What is there to fear from intimacy?

For those that are single and desiring an emotional connection, perhaps the key to finding intimacy is understanding your boundaries. Do they decide that they cannot have sex until certain qualifications are met? What will it take to move beyond these limits? Is it about embracing your own vulnerability? Do they have a fear of intimacy? Or, is it just self-protection, not wanting to be hurt? When do you decide to just let go and give someone a try? Accepting the consequences of not receiving the type of intimacy you desire means taking a chance.

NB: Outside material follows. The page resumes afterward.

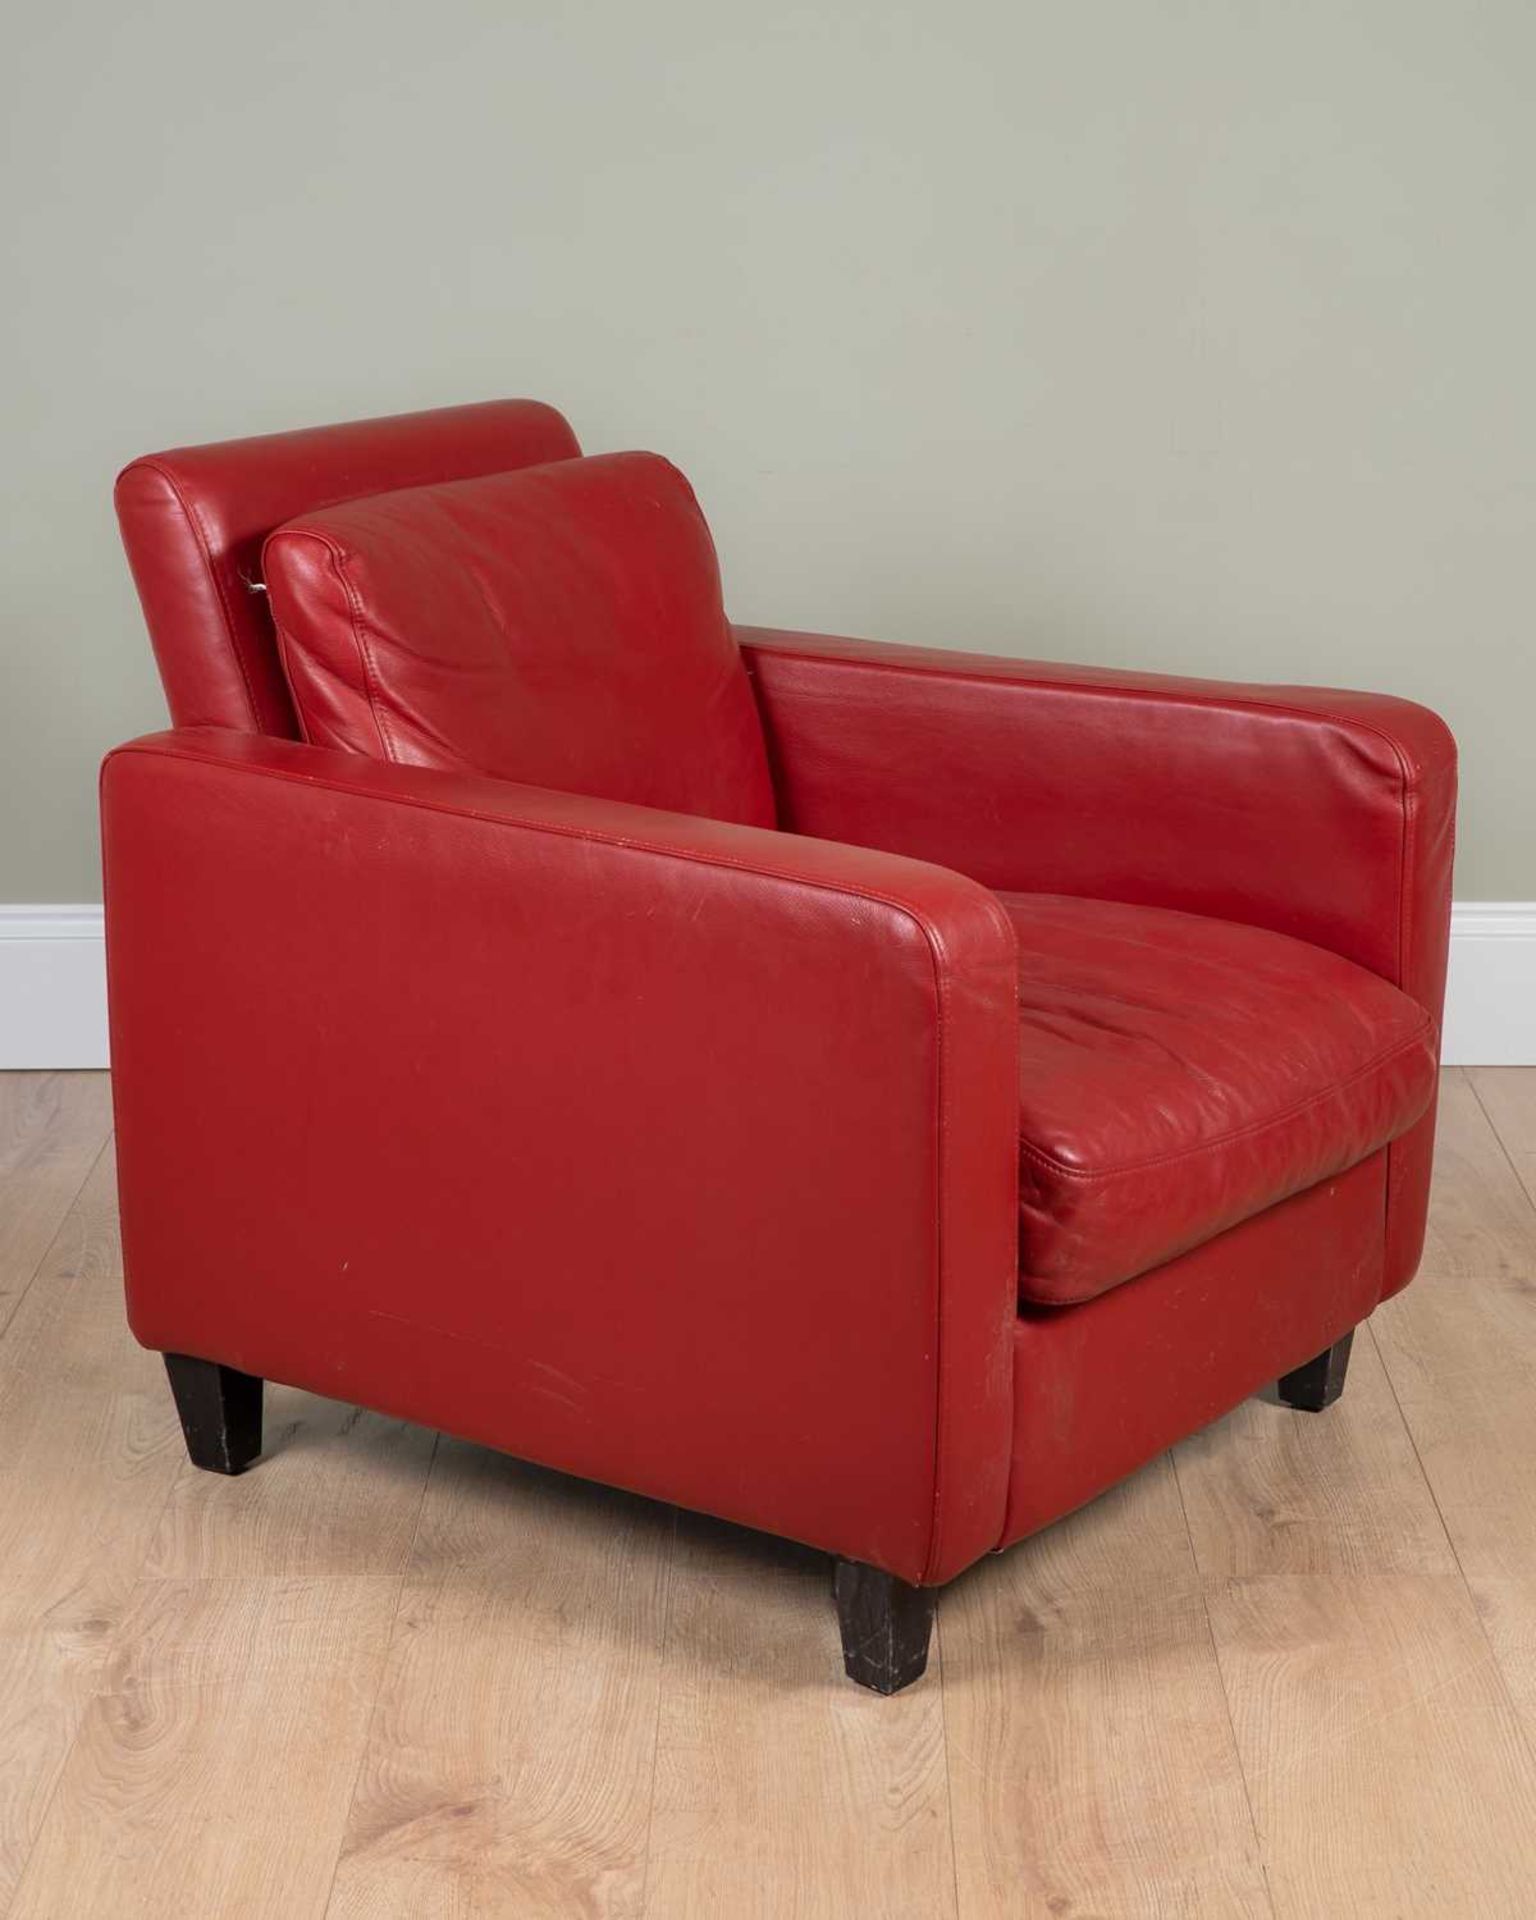 An Art Deco style red leather chair by Habitat, on ebonised square legs, Habitat label to the - Image 2 of 4

Recognizing the Gift of Intimacy

Intimacy can be about letting go and letting someone else in. This involves trust – trusting yourself to take care of any consequences that arise. It is symbolic of strength, courage and will. Opening oneself to experience intimacy is a challenge. Many are fearful of treading into this territory. Some are not aware this is their fear. Some are clearly aware, and resist change. It is a deeply personal decision to make a move to have more intimacy and cannot be forced. Deciding to trust yourself can be a path to intimacy. It is a gift you can give yourself, or another person.

 

When someone lets go, is willing to provide intimacy, will their sexual partner understand and receive it? Will they be open to it and return with their own idea of intimacy? This is part of accepting the consequences of letting go and trusting yourself to be okay, regardless of how your partner reacts. Would you still consider that good sex, “making love” or an intimate experience if their reaction is less than desired? Do you weep afterward, wishing for a deeper connection?

 

Synergy and Sharing
Intimacy is more than being receptive, it's giving back and understanding. How can you and your partner agree on issues of sharing and intimacy when it involves sex? It can begin with an honest conversation. “(This) plus (this) equals (that) for me. What creates a similar equation for you?” Receive the answers without judgment or expectations. If your equations are different, is there a way to create synergy?

 

It can begin by taking it slowly. Perhaps you can start with deep eye gazing, gradually moving to touch, building up to a kiss, eventually petting and perhaps to a more sexual interaction. Sexual interaction does not have to conclude with penetration or orgasm. You have already achieved intimacy by sharing this exchange with your partner.

 

Falling in love is a journey of discovery. The longer you are in a loving relationship, the longer your journey, the more you can discover about your partner. This includes yourself. Only you can make you happy. Where are you in your journey with yourself? Again, it is a deeply personal – intimate - quest.